Is this part of some kind of trend?
We hope so. This is the first in a series of free/low cost statutory supplements to be published by Duke’s Center for the Study of the Public Domain – aimed at all the basic classes. The goal of this project, and that of other ones such as the Berkman Center’s fascinating H20 project, and eLangdell is creatively to improve the pricing and access norms of the world of legal textbook publishing, while offering the flexibility and possibility for customization that unfettered digital access provides. We hope it will provide a pleasant, restorative, competitive pressure on the commercial publishers to lower their prices and improve their digital access norms.
Why have a paper version at all?
We have heard from several colleagues, both those who ban laptops in class and those that do not, that an environmentally friendly alternative to printing out statutes and throwing them away would be desirable, particularly one that came with first sale rights!
What’s the catch? What kinds of DRM or licensing restrictions are there?
None. The supplement is under a CC: BY license, allowing unlimited reproduction and modification, including for commercial purposes. Of course, the underlying statutes and treaties are in the public domain. You can use those without even providing attribution.
What formats is it available in?
PDF for now — other formats (and modular versions) coming soon.
Yes, but this is just the statutes and treaties. Fat chance you are going to give your casebook away free too!

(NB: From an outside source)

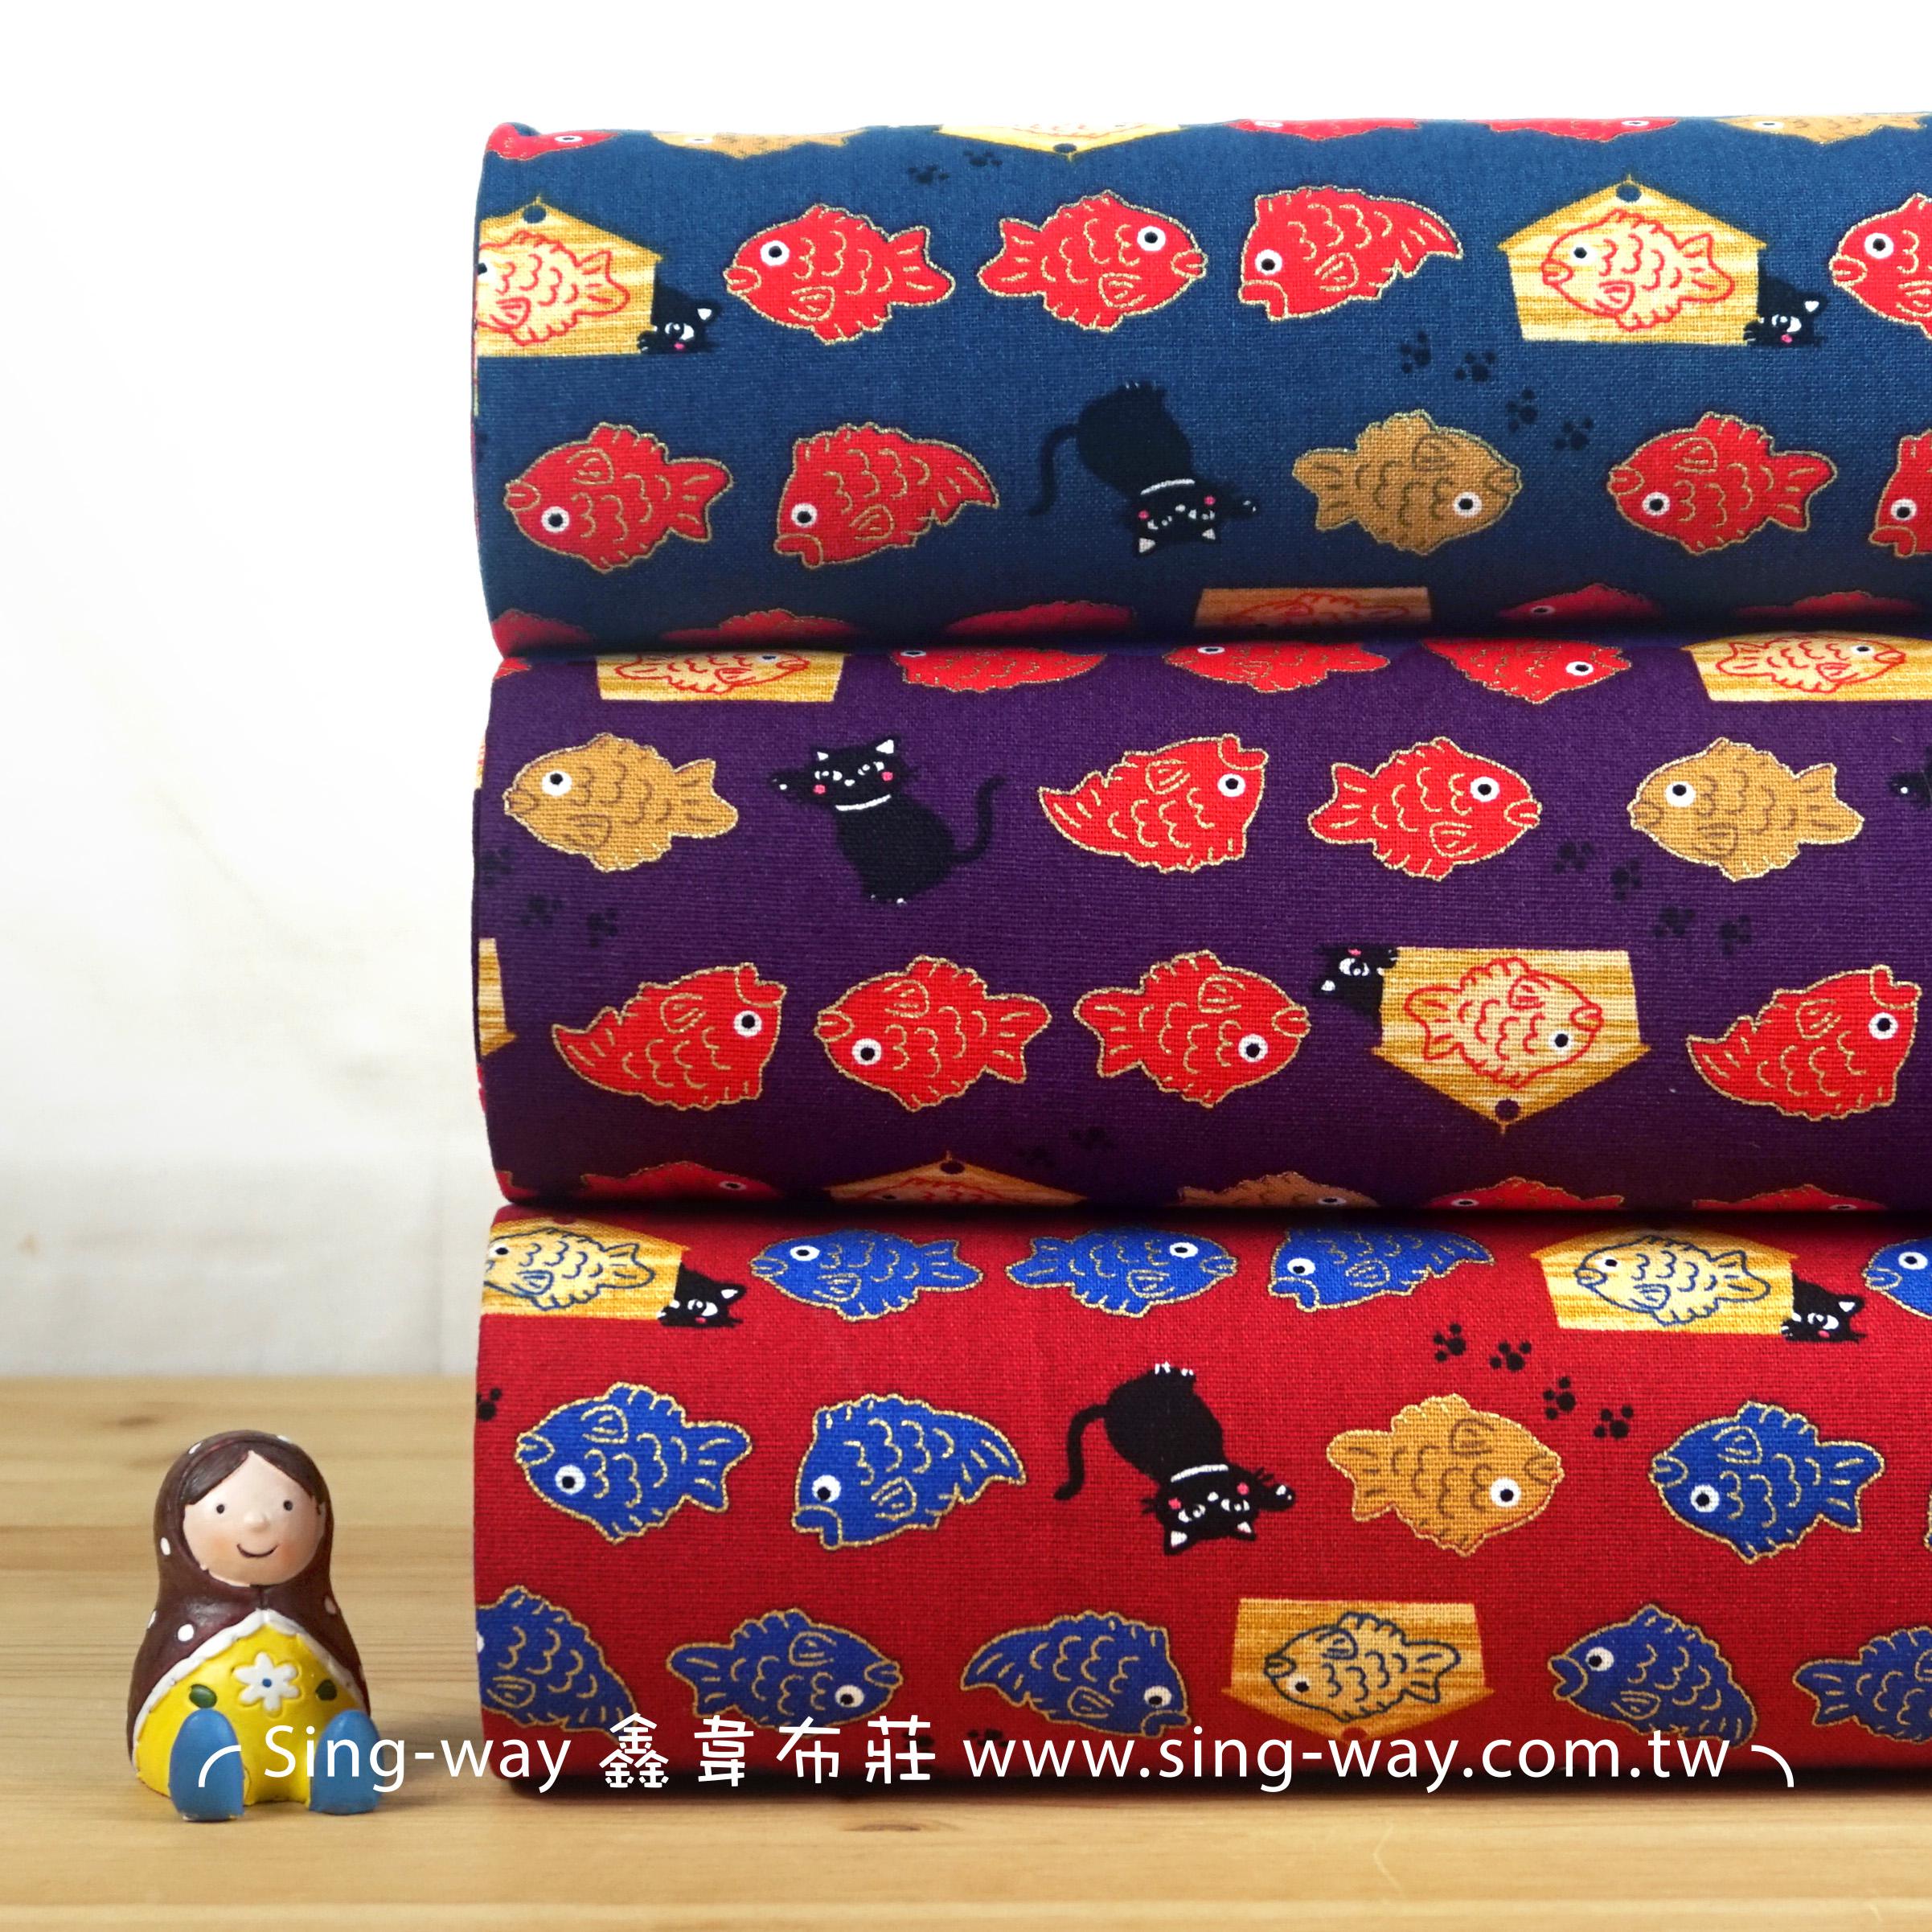 燙金貓吃鯛魚燒(大特價)日式和風燙金邊 貓咪 喵喵 たい焼き 鯛焼き 手工藝DIy拼布布料 CF550626

Actually, we are. That will be under a CC BY, NC SA (a license that requires attribution, permits any non commercial use and tells those who modify that they must share the freedoms they were given.) It will be free to download and also available in a low cost print version — probably around $30, given its length, which would be about $130 cheaper than the other Intellectual Property casebooks
So you are against professors who want to be paid for their work and time?

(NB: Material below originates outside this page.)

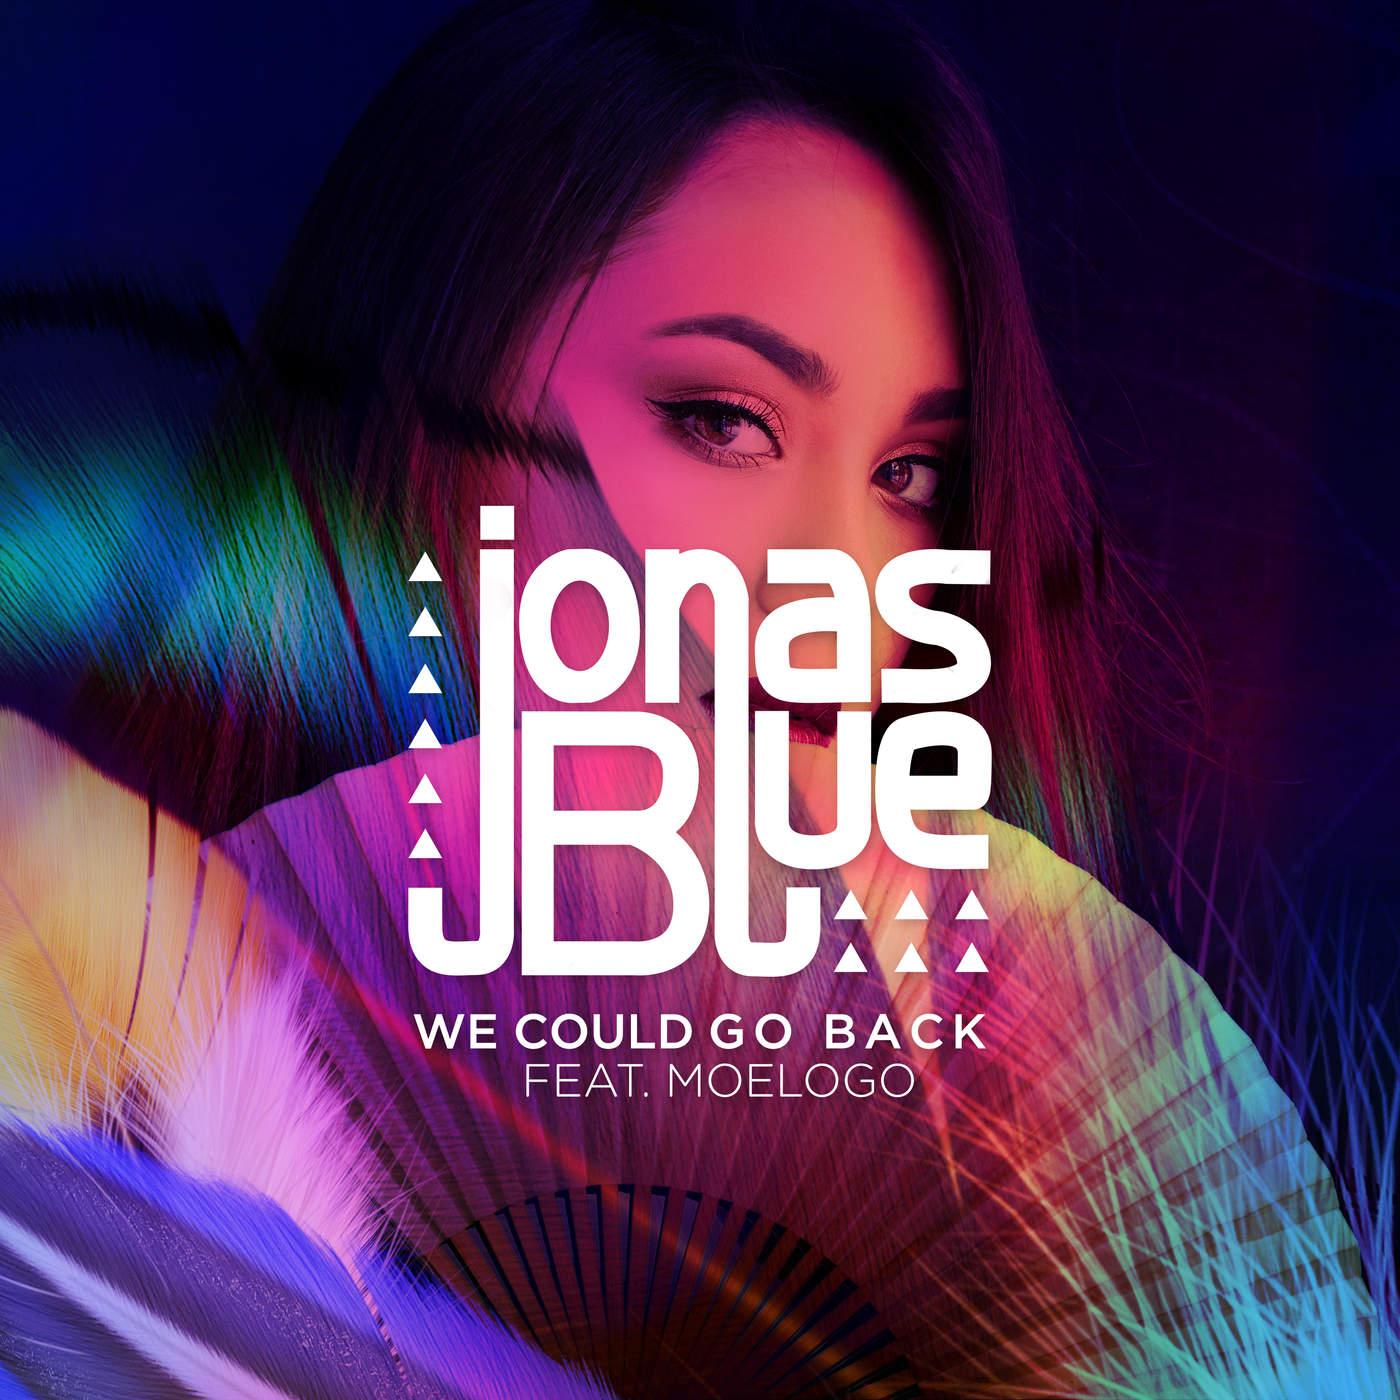 Girls Like You Mp3 Song Free Download: Jonas Blue Ft. MoeLogo

On the contrary. In fact, one of the things we have learned in this process is how poorly both authors and students are being treated by the current system. The authors of casebooks and statutory supplements are generally a.) unable to give their students digital access to the very books they have just written — unless it is fettered by digital rights management b.) unable to customize the material — omitting unwanted chapters or statutes, or adding in new material on the fly c.) and — despite the enormous, obscene prices on the books — given a relatively low share of the proceeds. We chose to keep the cost as low as possible, but we are fully aware of the labour and creativity required to put together a casebook — we are creating one right now! Suppose a professor chose to self-publish with a print on demand service. (We used Createspace, but there are many others.) Suppose she wanted to create an 825 page paperback casebook; (in part because she did not need to include all those chapters she does not teach.) Suppose she decided to price it at $60 — which would be $100 cheaper than the current casebook. (Though those, to be fair, are both in hardcover and very large.) Here is the screenshot of what her royalty payments would look like. (The calculator is here. Click the “Royalties” tab.) And remember this is just one print on demand service. There are many others.

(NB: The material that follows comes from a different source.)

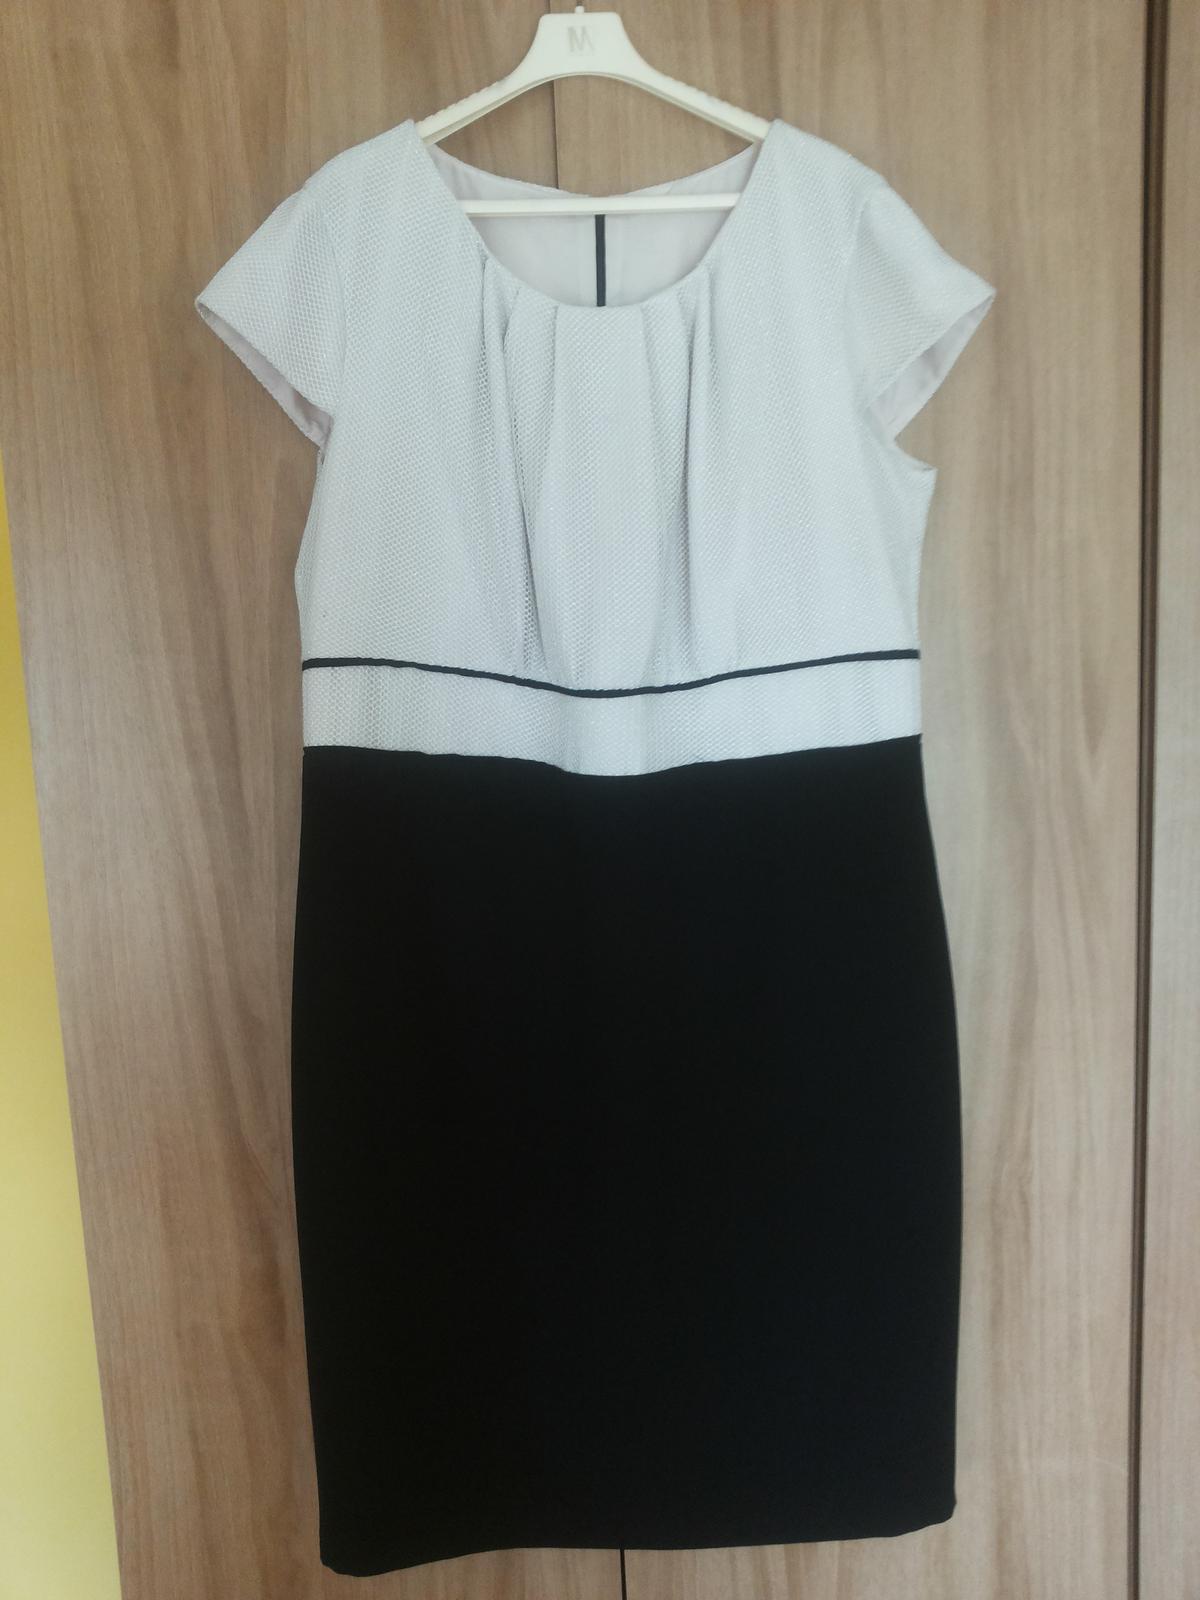 Béžové krátke šaty - Obrázok č. 3

We will be honest. We want very much to tip the norm towards free, unregulated digital access — so the whole world and not just her class can learn from her materials. And we think $60 is a little high — though not as bad as $165! But she could require the purchase of a paper copy, which her students could resell when the class is over, while also giving her students free digital access, and get much wider dissemination of and impact from her ideas. Actually, we hope that the inexorable multiplication of projects such as these will be an aid to those still publishing with conventional textbook publishers. To the casebook author trapped in contracts with an existing publishing house: remember when you said you needed an argument to convince them to price your casebook and your supplement more reasonably? Or an argument to convince them to give you more options in making digital versions available to your students in addition to their print copies, but without taking away their first sale rights? Here is one such argument. There are many more either already out there or in the pipeline. Traditional textbook publishers can compete with free. But they have to try harder. We will all benefit when they do.
But what about a salesforce? How would she be able to get others to adopt her book without mailing it to everyone or having insistent salespeople pounding the halls?
They can read it, instantly, freely anywhere, just by downloading it! They can browse it on the exercise bike or on the train, scan through it on their tablet. Read it in their office. That’s much more efficient. In the world we imagine, professors will be able instantly to browse, search within and assess the pedagogical suitability of a free digital version of a casebook online. Perhaps this will put a merciful end to the never-ending cascade of free but unread casebooks in cardboard mailing boxes and charming but unwelcome casebook representatives in natty business suits that constitutes the 1950’s distribution mechanism for the casebook in the halls of the 21st century law school. That mechanism needs to go the way of the whale oil merchant, the typing pool and the travel agent. To the extent that the “justification” offered for today’s prices is that they are needed to pay for the last century’s distribution methods, we would have to disagree politely but emphatically.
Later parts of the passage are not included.